Travelling abroad either by train or ferry with long periods of driving in between is obviously not suitable for dogs that suffer from travel sickness
but if your pooch loves to ride alongside you then he/she will love spending extra time with you. Be aware that if you travel by the channel tunnel you stay in your car with your dog, however most ferries ask you to leave your dog in your car or one of the on-board kennels which some pets might find stressful. Check with the ferry operator to see what options there are.
If you are going somewhere hot you might need to take extra precautions to keep your pet cool. We have some top tips on keeping pets cool here
and many of these still apply to when you’re travelling.
However, the main difference with travelling abroad instead of a staycation is the need for extra vaccinations, paperwork, preventative measures against diseases the UK doesn’t have and veterinary visits to facilitate this.
Going on holiday and leaving your dog or cat behind
Sometimes, it’s not always possible to take your pet with you, especially if you’re going abroad. Some dogs love the experience, whereas others may be too old or too young to travel or may become too stressed. Cats rarely travel with their owners (although it has been done) and will generally be much happier left at home. It can, however, still be difficult to leave your pet behind but there are lots of options now available.
Kennels or cattery
The option most people think of first is the traditional kennels or cattery. A good place to start is by ringing them up to ask questions, then arrange a visit. There are lots of things to consider, do they have appropriate insurance? How big are the kennels/cat pens, do they have runs attached? How many walks does your dog get? Do they get walked on their own, or in groups with other dogs? Who walks them and how much experience do they have? Do they have heated floors or heated beds for cats for the winter months? Is there a quieter kennel or cat pen for animals that don’t like to be near others? What vet do they use in an emergency? Are they happy giving medication if necessary?
For cats, you might want to consider taking them to a cattery only. Some places can house both cats and dogs but hearing dogs barking all day could be stressful and a quieter cattery only establishment may be preferable.
Get recommendations from your friends and family too and do some online research, look for reviews. Don’t forget if your dog or cat goes to the kennels/cattery they will need to be up to date with their vaccinations.

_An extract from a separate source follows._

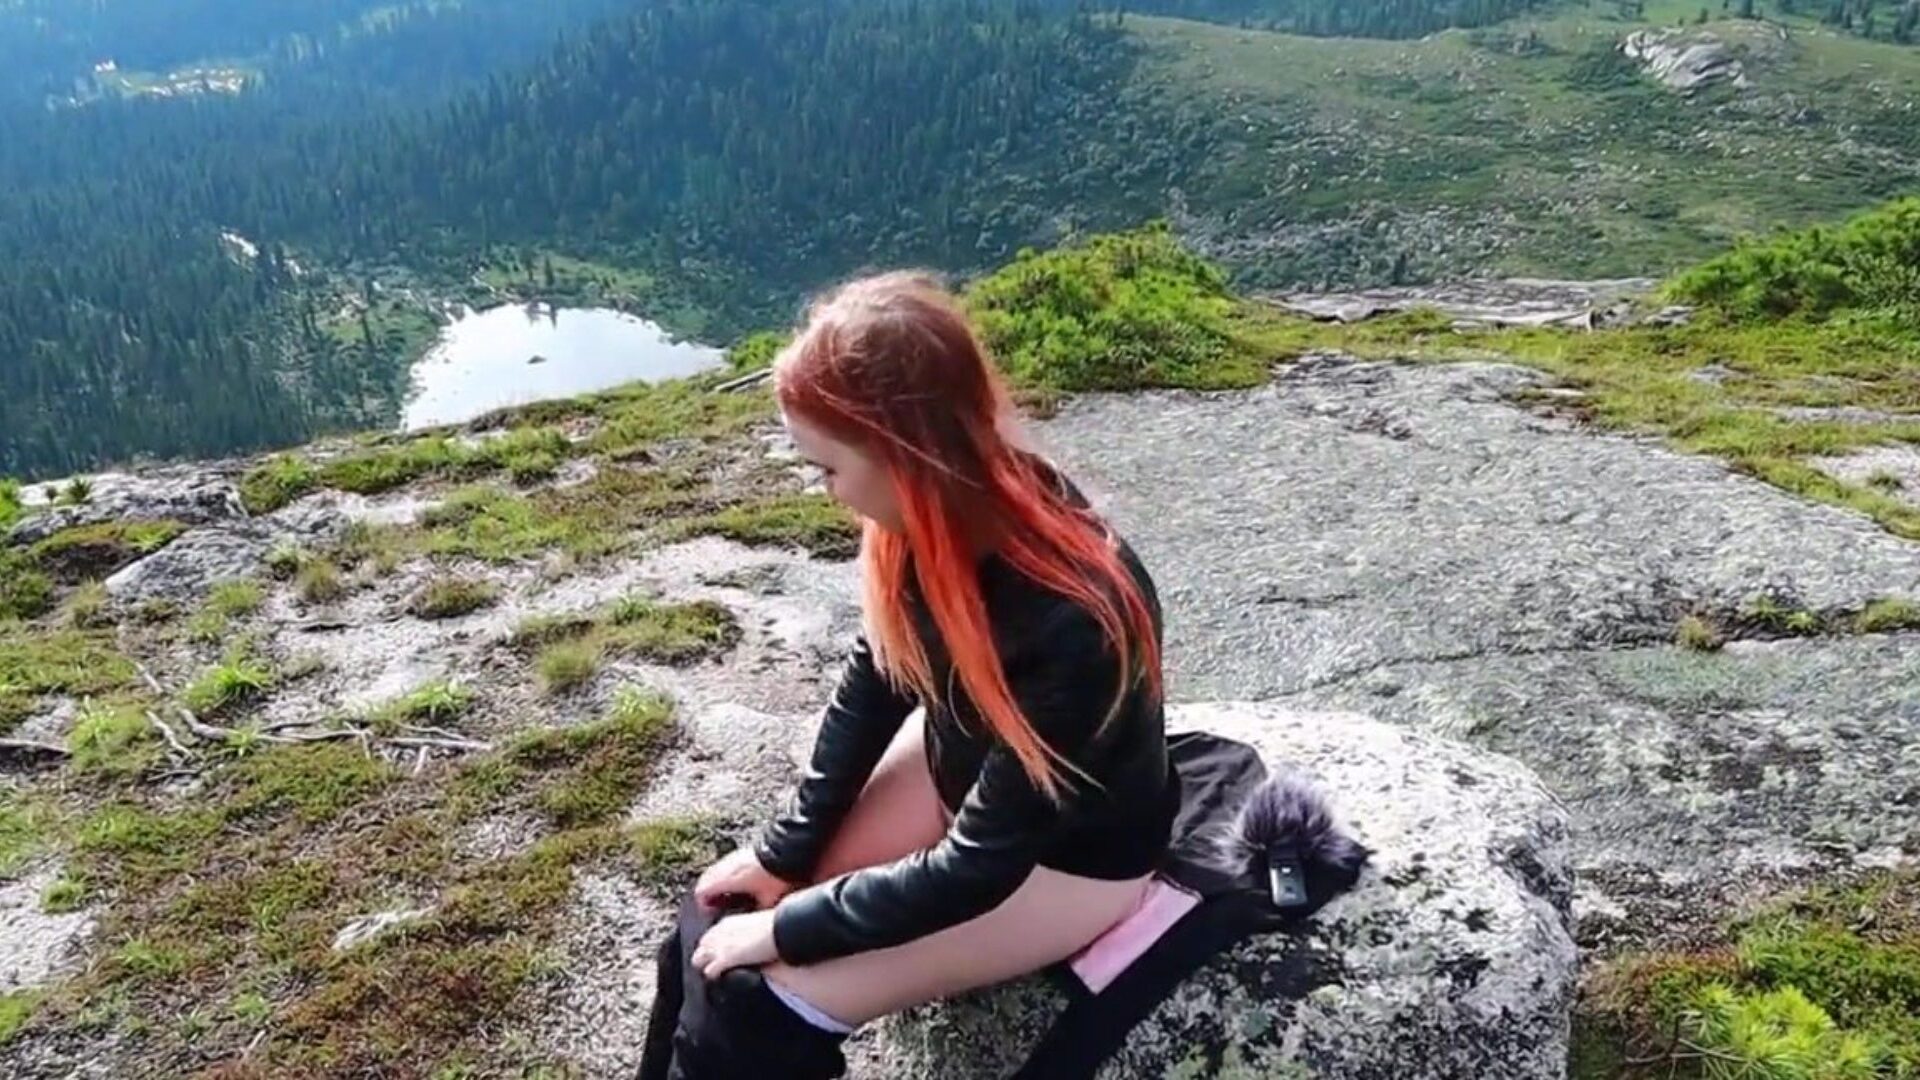 Girl Decided to Relax, Masturbate her Pussy and acquire an Orgasm High in the Mountains!

This provides a good alternative if you would prefer your pet to stay at home in their own environment. It causes the least disruption to their routine and may be the best option for anxious pets. It can be costly but might work out the most economical option in the long run if you have multiple pets.

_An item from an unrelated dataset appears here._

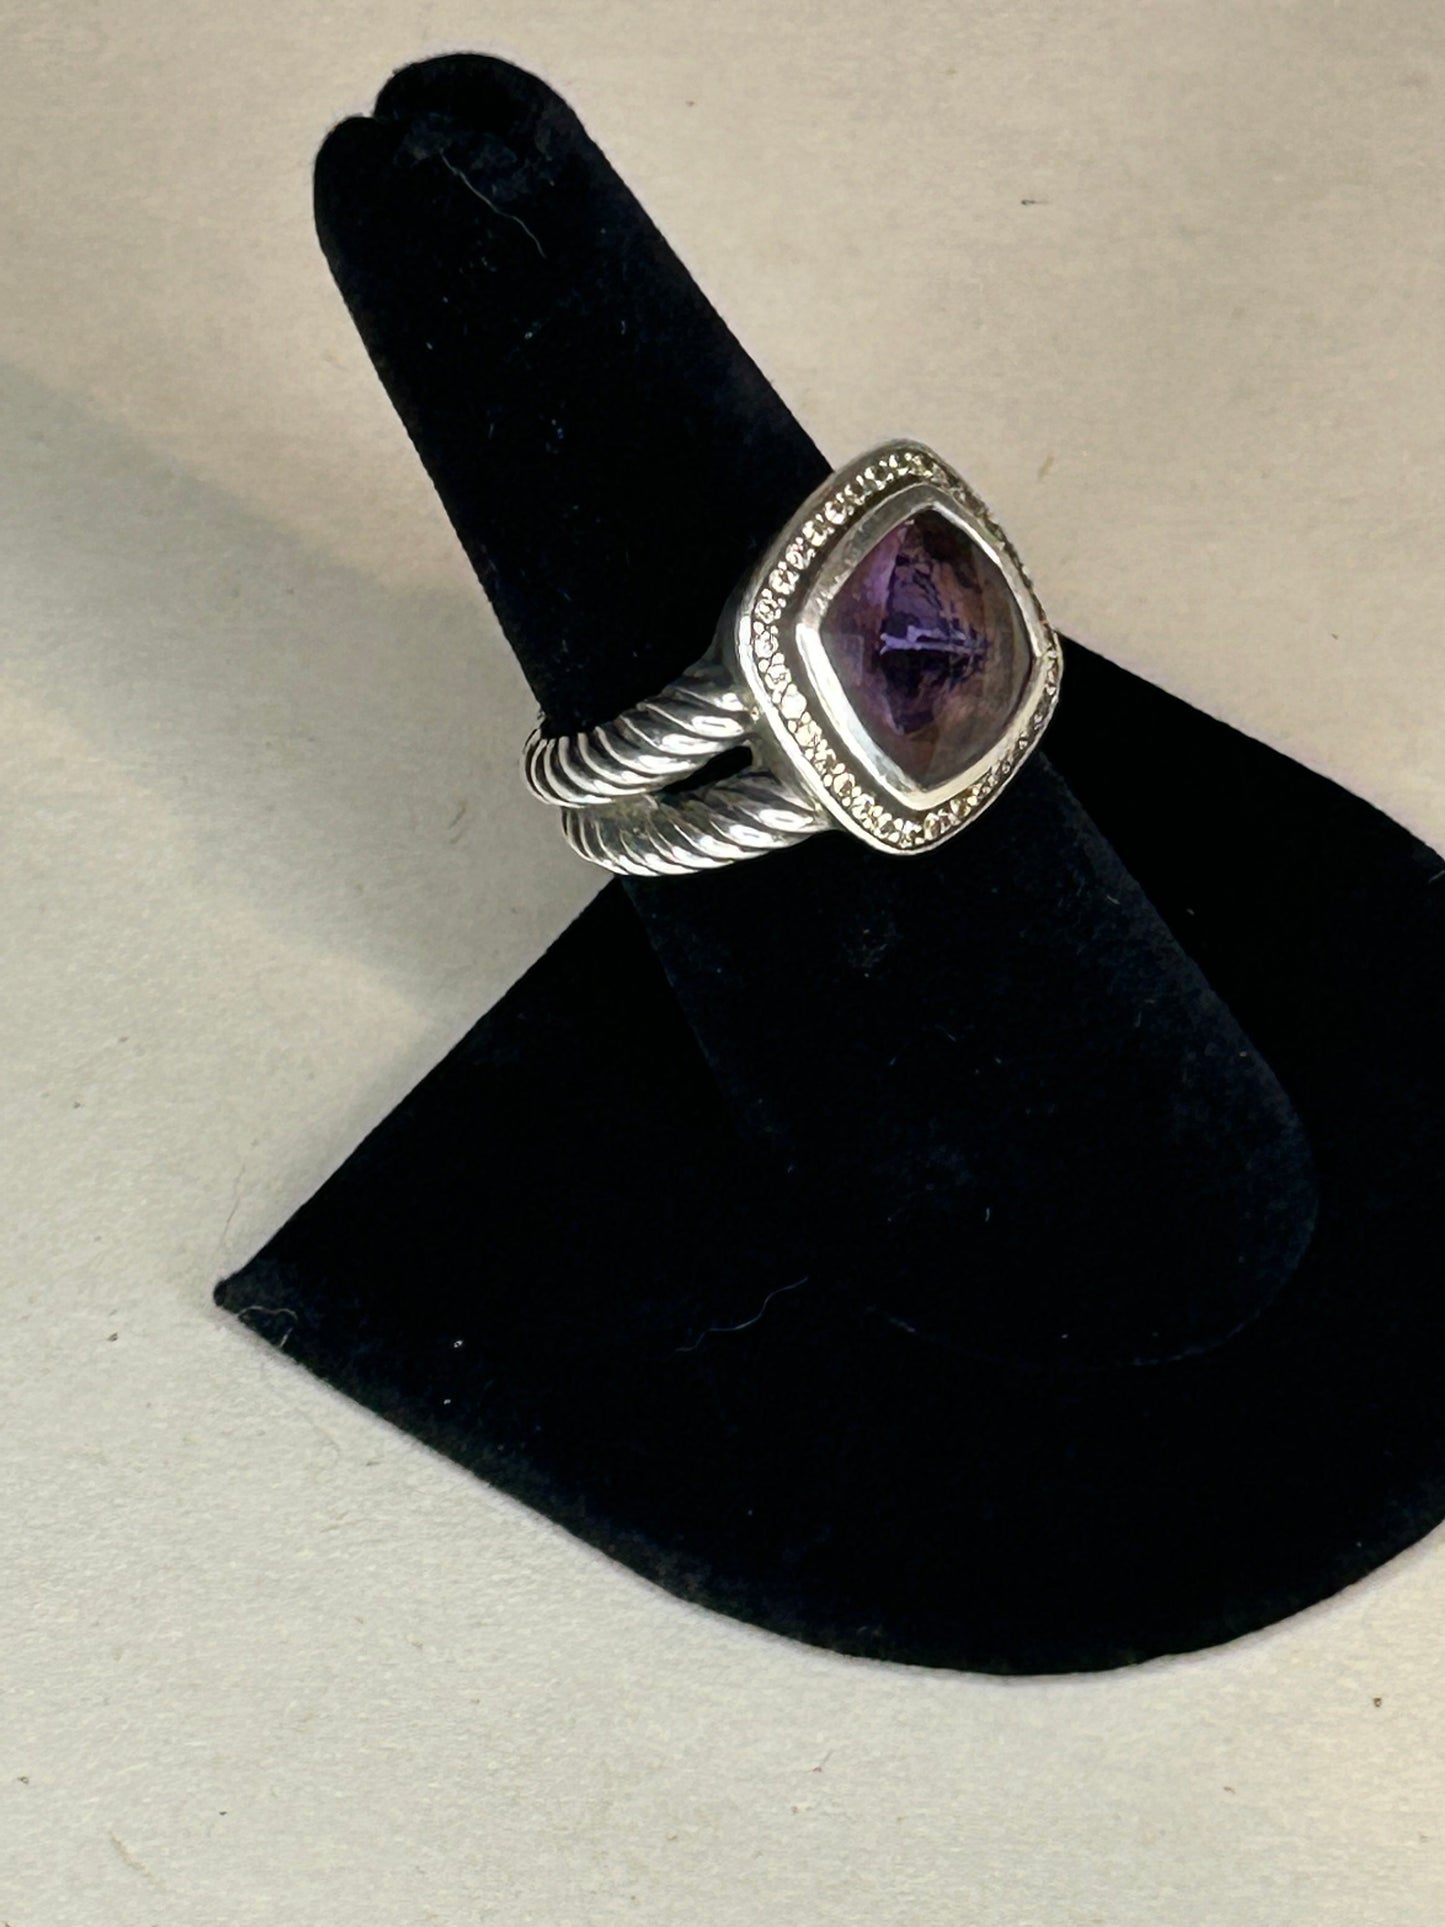 One Owner Genuine David Yurman Albion® Ring in Sterling Silver with Lavender Amethyst and Pavé Diamonds

If you haven’t got friends or family members that can do this then you have to be prepared for a stranger to come into your home to stay. References therefore are a must; they should also have insurance and ideally be DBS checked (criminal record checked). For peace of mind, you might want to look for someone qualified in animal first aid too. There are several online companies for house sitters but again you could ask around for recommendations.

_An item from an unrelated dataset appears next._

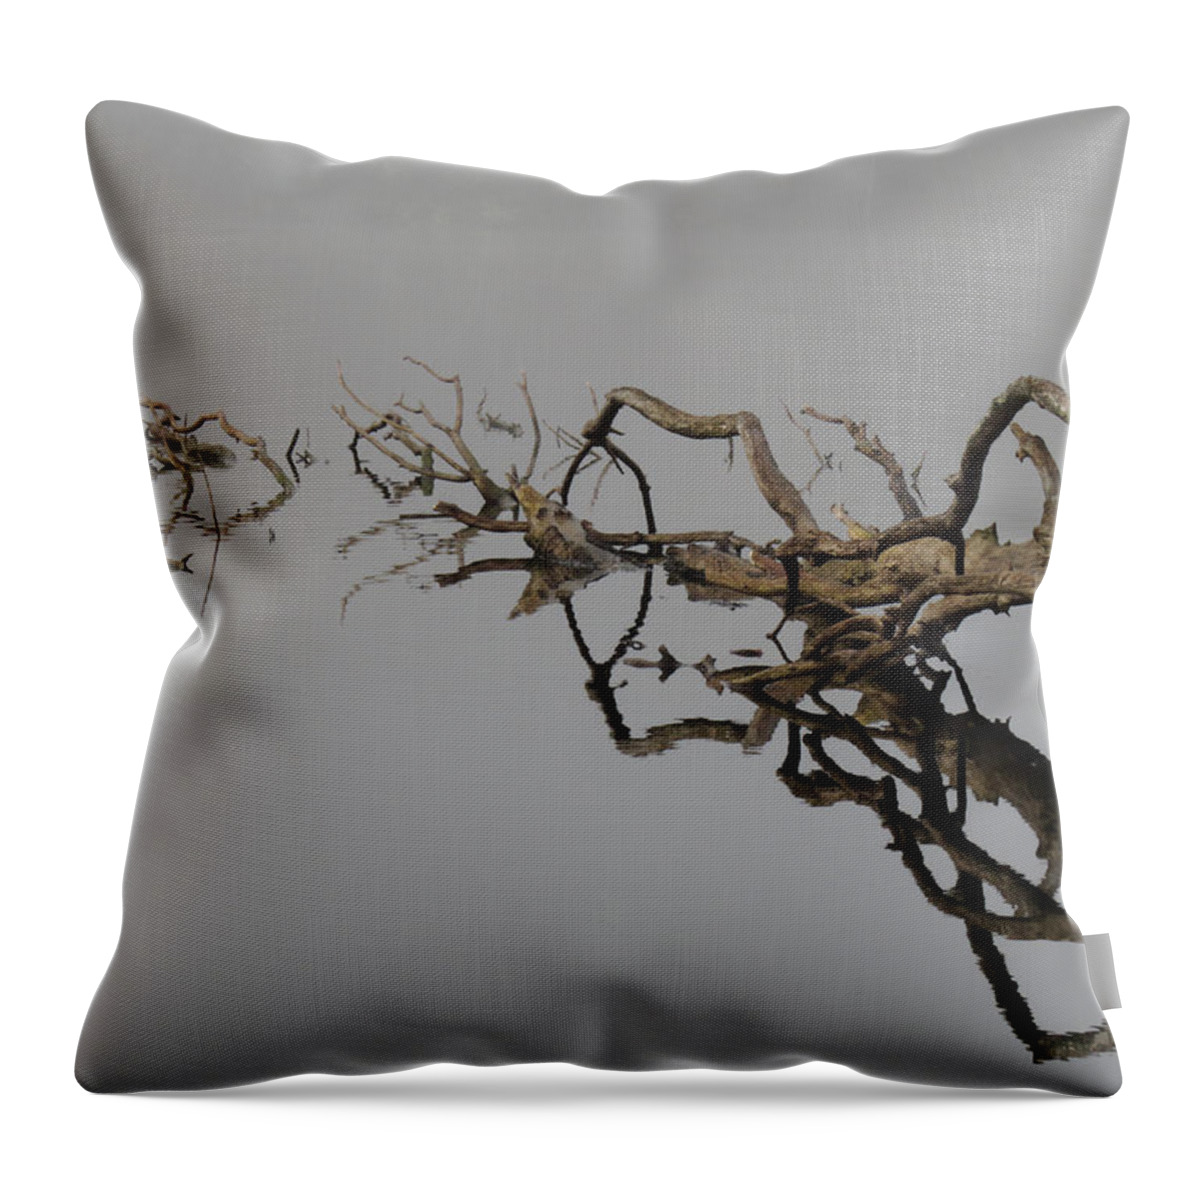 Driftwood Pond Reflections Throw Pillow featuring the digital art Nature's Work In Progress by I'ina Van Lawick

Another option is home boarding. This is where your pet goes and stays with someone. Usually for dogs but if they have a spare room, they may take cats as well. You would need to make similar checks into their qualifications, insurance and animal knowledge as you would with a house sitter, but you don’t have to give them access to your home. Some home boarders have their own pets so this option might not be suitable if your dog does not get on with other animals.
Going on holiday should be fun! You deserve it! And there are plenty of options for you and your pets, whether they go with you or stay at home. The key for all of it is to do your research and not to leave things until the last minute, being prepared will allow you and your pets to enjoy themselves whatever you decide.